The principles involved seem to be well illustrated by the case of Security Trust & Savings Bank v. William R. Staats Co., 9 Cir., 1916, 233 F. 514, certiorari denied 1916, 242 U.S. 639, 37 S.Ct. 111, 61 L.Ed. 540. In that case, the defendant sold 200 shares of oil stock to the bankrupt on March 15 and received a check for $12,900 as payment. On March 16, that check was returned to the defendant by the drawee bank because of insufficient funds. The bankrupt was informed of this fact on that same day and asked the defendant to put the check through the bank again. This was done and on March 18, the check was again returned unpaid. At the bankrupt's request, the defendant ran the check through the bank a third time, also on March 18, and again it was returned unpaid. Following this, the bankrupt informed the defendant that the bankrupt was soon to receive payment for some real estate sold by it and that it would be able to make good on the returned check as soon as this was concluded. On March 20, when again pressed about the matter by the defendant, the bankrupt conveyed to the defendant a security interest (trust deed) in certain real estate owned by it. The transfer of the security interest so given was later attacked as preferential. The Court of Appeals for the Ninth Circuit, in holding that the transaction did effect a preference, rejected the contention of the defendant that the relationship between the parties to the transfer was not that of debtor and creditor. The Court stated in this respect (233 F. at page 518):
"* * * we believe that the Staats Company [the defendant] became a general creditor of the bankrupt, and that the transaction was broken in its continuity when the Staats Company agreed to wait for its money and to send the check through the bank the second and third time, and when it agreed to wait to see whether the bankrupt would obtain money which its agents said was expected from the sale of certain other property, no effort having been made by the Staats Company to prevent the shares of stock which had been sold and delivered to the Stilson Company [the bankrupt] from passing out of the hands of the Stilson Company. * * *"

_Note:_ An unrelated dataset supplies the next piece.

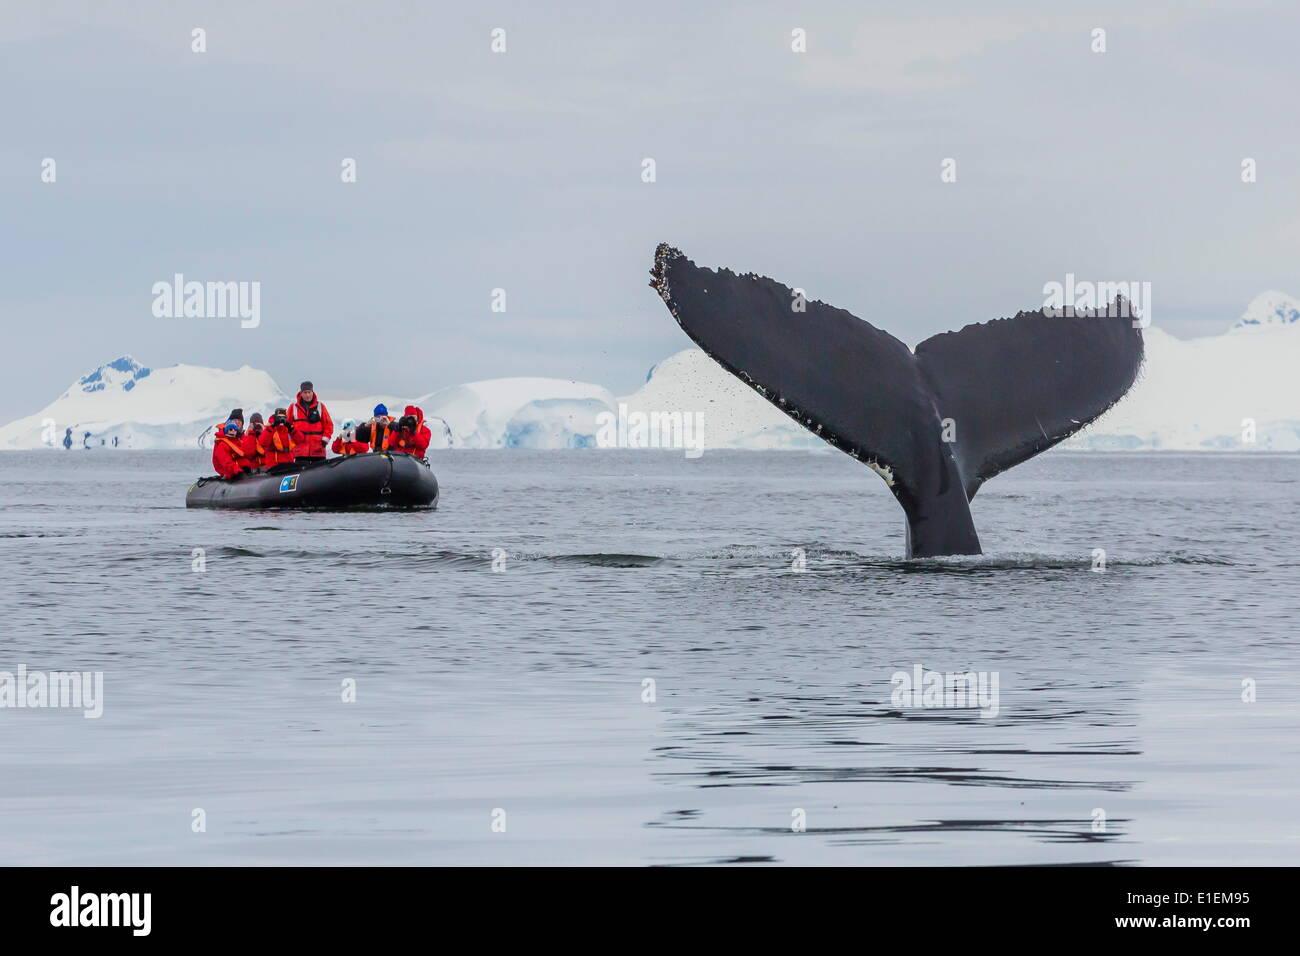 Humpback whale (Megaptera novaeangliae), flukes-up dive near whale watchers in the Enterprise Islands, Antarctica, Polar Regions - Stock Image

The rationale of the Staats case has been tacitly approved by the Court of Appeals for this circuit in the case of Bostian v. Levich, 8 Cir., 1943, 134 F.2d 284, 286.
It is the view of the Court that the circumstances in the present case were such that the defendant did become a creditor of the bankrupt after the check was initially returned because of insufficient funds and that the payment made by the bankrupt on July 21, was made upon this antecedent obligation. The manager of the defendant testified that he was not concerned when the check was originally returned unpaid and that he considered that it would only be a matter of time before the defendant made good upon the obligation. This is evidence of an extension of credit in fact even though not made willingly. This finding is in accord with the well-settled rule that property converted, embezzled, obtained by fraud, or otherwise misappropriated by a bankrupt can be claimed from the bankrupt estate only so long as it can be definitely traced, with the consequence that repayment by the bankrupt with other than the very property taken or the traceable proceeds thereof will constitute a preference if the other elements of Section 60 are present. See Cunningham v. Brown, 1924, 265 U.S. 1, 44 S.Ct. 424, 68 L.Ed. 873 (Ponzi case); Morris Plan Industrial Bank of *326 New York v. Schorn, 2 Cir., 1943, 135 F. 2d 538, 539; Atherton v. Green, 7 Cir., 1910, 179 F. 806, 808, 30 L.R.A.,N.S., 1053; Malone v. Gimpel, D.C.1956, 151 F.Supp. 549, 554; Dinkelspiel v. Garrett, D.C.1951, 96 F.Supp. 800, 804-805. See generally in this respect the cases collected in 103 A.L.R. 310 (1936). In attempting to trace the property misappropriated, the rules of equity relating to the tracing of trust property are to be applied. Atherton v. Green, supra, 179 F. at page 808; 3 Collier, supra, par. 60.18.
The conversion and fraud cases illustrate that a willing extension of credit is not necessary in order to create an antecedent debt under the preference provisions of the Act. In Atherton v. Green, supra, the Court stated (179 F. at page 808):
"* * * the misappropriation [by the bankrupt] vested no right to the fund in favor of the estate in bankruptcy, and the owner in such case is entitled to follow and recover the amount, in so far as it either remains on hand or is traceable into other investments or property derived therefrom. Failing such recourse to the trust fund, it is optional with the owner to treat the misappropriation as an indebtedness, thereby becoming a creditor on a par with other general creditors of the estate and subject to the bankruptcy provisions applicable to such relation. With neither the property nor its proceeds appearing on hand in any form, the fact that the indebtedness arose through conversion of the property gives the owner thereof no right of preference over general creditors." (Emphasis supplied.)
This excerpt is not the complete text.